When Disney bought (most of) the Muppets four years ago, many Muppets fans, including me, weren’t quite sure if we should be happy or sad. On the one hand, Disney had the resources and the marketing experience to really do great things with the Muppets, which the German media company that had previously owned them didn’t; but, on the other hand, the great thing about the Muppets had always been that their humor was mainly aimed at adults, and Disney’s always been best aiming at kids. Anyone who watched the first "Studio DC: Almost Live" special last month would not have been encouraged, since the humor was all aimed squarely at kids, and the show played like nothing more than a half-hour ad for Disney’s teen and tween stars.
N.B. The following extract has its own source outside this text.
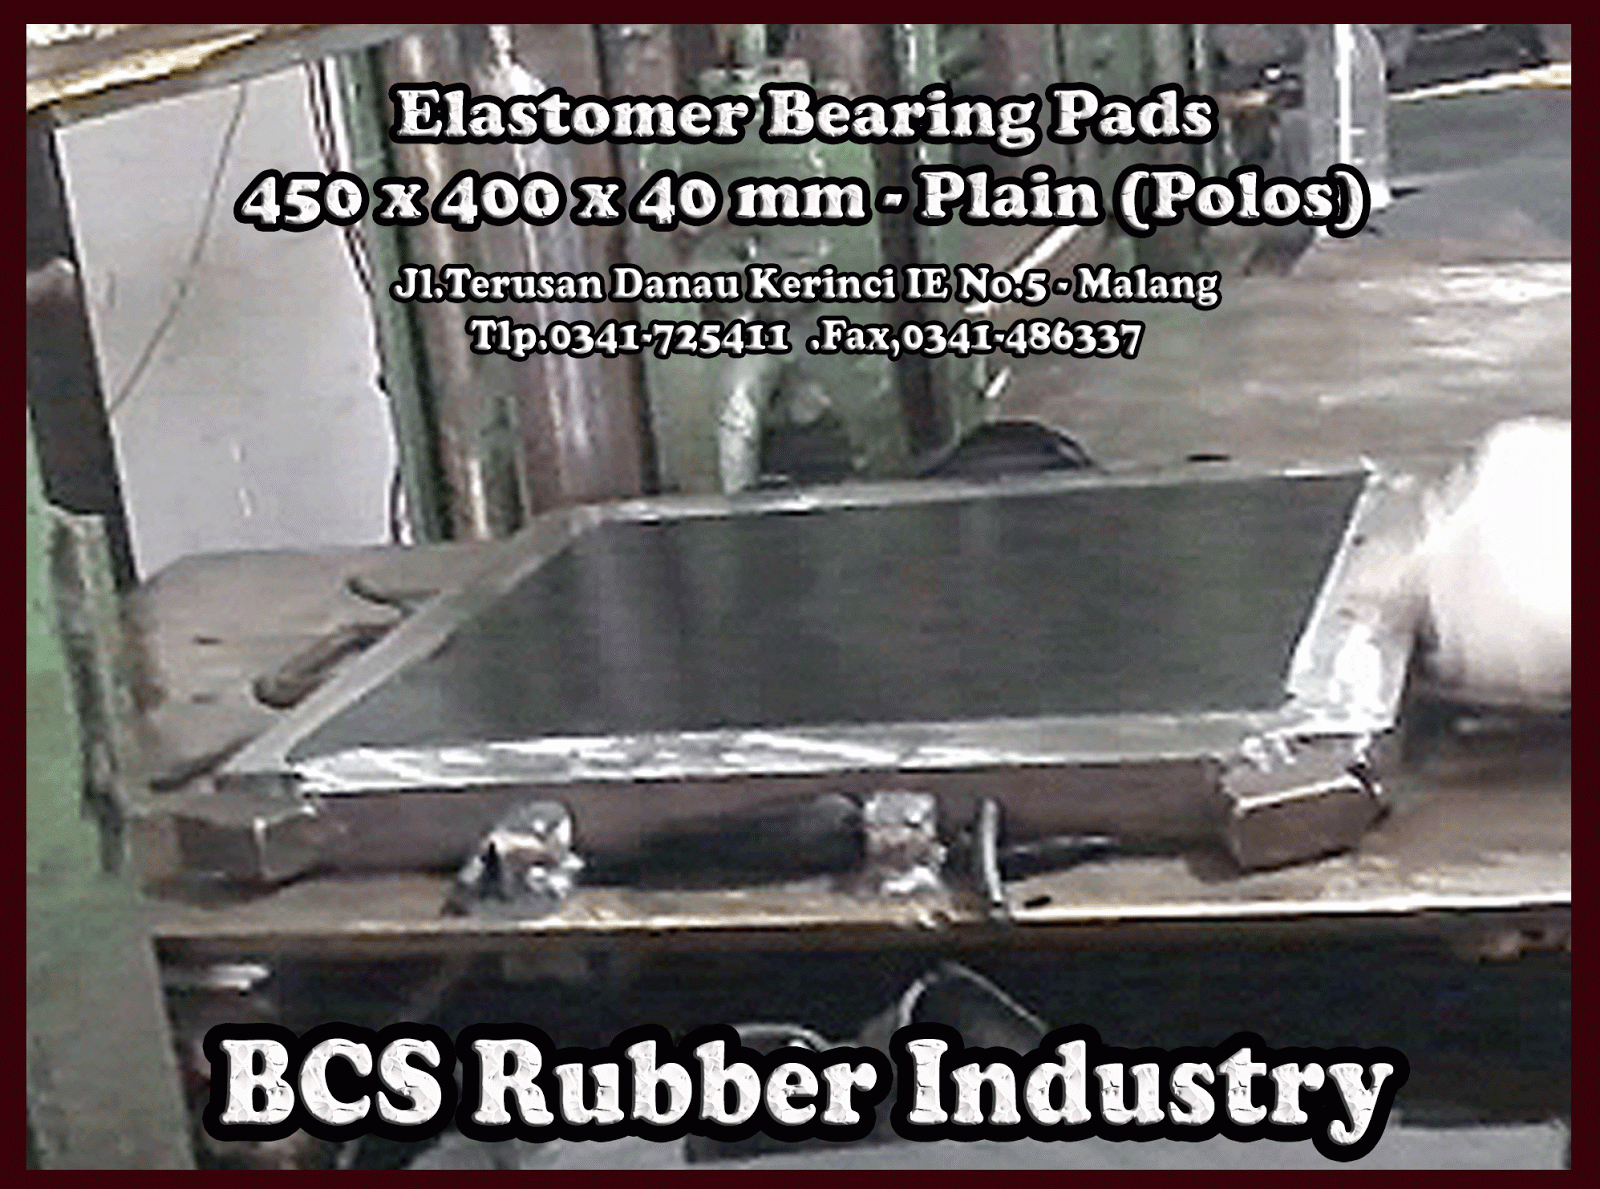 "Jual Elastomer Bearing Pad / Bantalan Jembatan ,Polos, Steel Plate, Seismic Rubber Bearing Pads..

And they’re doing another one next month, which I dread, but my kids will insist on watching it.

I give Disney full marks for the "Muppet Show" DVD sets they’ve been releasing. My kids have watched nearly every episode of the three seasons released thus far, and they absolutely love them—my son even went as the Swedish Chef for Halloween last year. But they’re missing the point entirely about what made "The Muppet Show" and the better movies and even some episodes of "Muppets Tonight" so good, which was that the Muppets were always the stars of the show. What made the guest stars and movie cameos work so well was not that the Muppets were dealing with them, but that they were dealing with the Muppets. I don’t want to see Kermit on "Nightline" interviewing politicians; think how much better it would be if the "Nightline" anchors interviewed Kermit as though he were a politician. I don’t want to see Miss Piggy try to join the Jonas Brothers when it would be much funnier to have the Jonas Brothers try to sing in the middle of a loony "Muppet Show"-style sketch.

So I’m glad to see more Muppet marketing, because I really want everyone in the next generation to love the Muppets as much as my wife and I, and now our kids, do. But I wish they’d stick to more of the kind of humor they’re doing in the short sketches on the Disney Video Muppets channel, which has some great new bits. Watch the videos there and buy the DVDs, and hope that Disney will see that they need to let the Muppets be the Muppets. What good will it do to get kids to like the Muppets if they lose their essential Muppetness in the process?